Chapitre 3 : génétique des comportements
Le chapitre précédent a posé le cadre de ce que l’auteur appelle ‘ère génomique’ et il s’agit maintenant d’examiner la façon dont la question des rapports entre gènes et comportements est traitée à l’intérieur de ce cadre.
Le début de ce chapitre opère quelques rappels fondamentaux, notamment en ce qui concerne le concept d’héritabilité et les méthodes de la génétique quantitative des comportements (étude des jumeaux par exemple).
Les méthodes de la génétique quantitative sont progressivement complétées par des approches moléculaires : l’auteur s’arrête sur la figure de S. Benzer, qui approfondit l’étude de la liaison des gènes élaborée par Morgan : « Morgan s’intéressait à l’ordre des gènes sur les chromosomes mais Seymour Benzer étudie quant à lui l’ordre des nucléotides des gènes eux-mêmes » (p. 62). Il « développe ainsi ce qu’il appelle la théorie atomique du comportement ».
Ce chapitre aborde ensuite rapidement les méthodes plus modernes de la génétique des comportements (analyse de puces à ADN par exemple), avant de se consacrer à l’étude de cas plus concrets.
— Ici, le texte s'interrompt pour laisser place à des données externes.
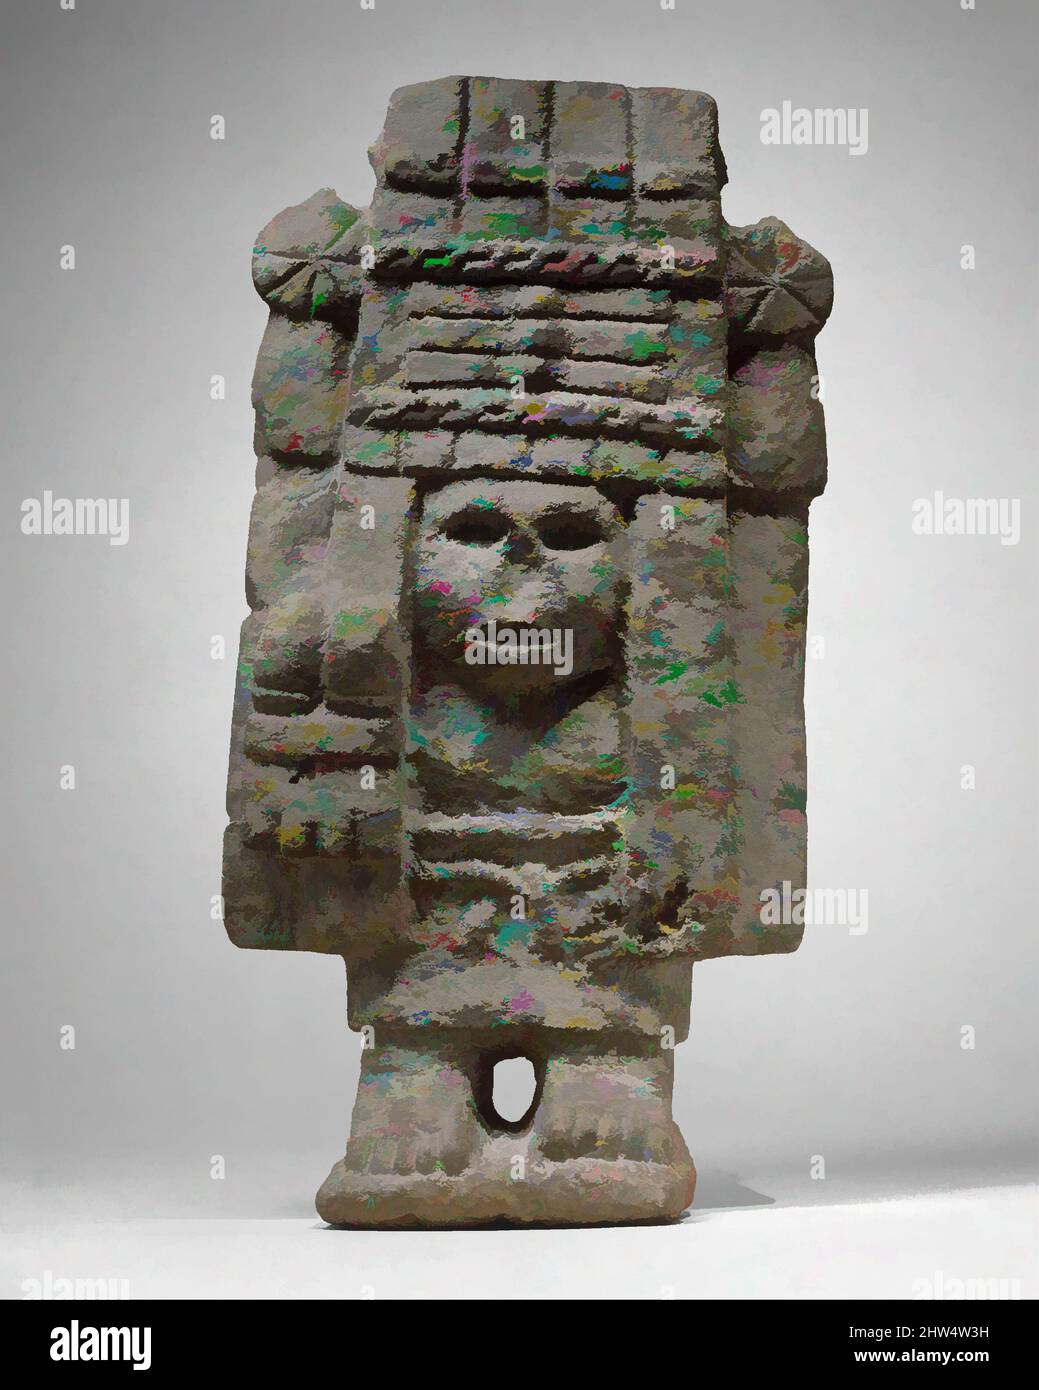 Arte ispirata da Maize Deity (Chicomecoatl), 15th–inizio 16th secolo, Messico, Mesoamerica, Aztec, Basalto, totale: 14 x 7 1/8 x 3 1/2 poll. (35,56 x 18,11 x 8,89 cm), Stone-Sculpture, tra le molte divinità femminili adorate dagli Aztechi, responsabili della fertilità agricola detenuti, opere classiche modernizzate da Artotop con un tuffo di modernità. Forme, colore e valore, impatto visivo accattivante sulle emozioni artistiche attraverso la libertà delle opere d'arte in modo contemporaneo. Un messaggio senza tempo che persegue una nuova direzione selvaggiamente creativa. Artisti che si rivolgono al supporto digitale e creano l'NFT Artotop Foto Stock

L’auteur choisit de s’intéresser à l’intelligence, l’agressivité, l’addiction et l’homosexualité, dans la mesure où il s’agit de comportements particulièrement étudiés. Pour chacun de ces comportements, l’auteur fait une revue des théories et des polémiques, ainsi que des résultats des recherches menées (p. 72-108). Ces résultats se révèlent finalement peu concluants (p. 109), ce qui aboutit logiquement à une remise en question des modèles et théories sous-tendant la discipline.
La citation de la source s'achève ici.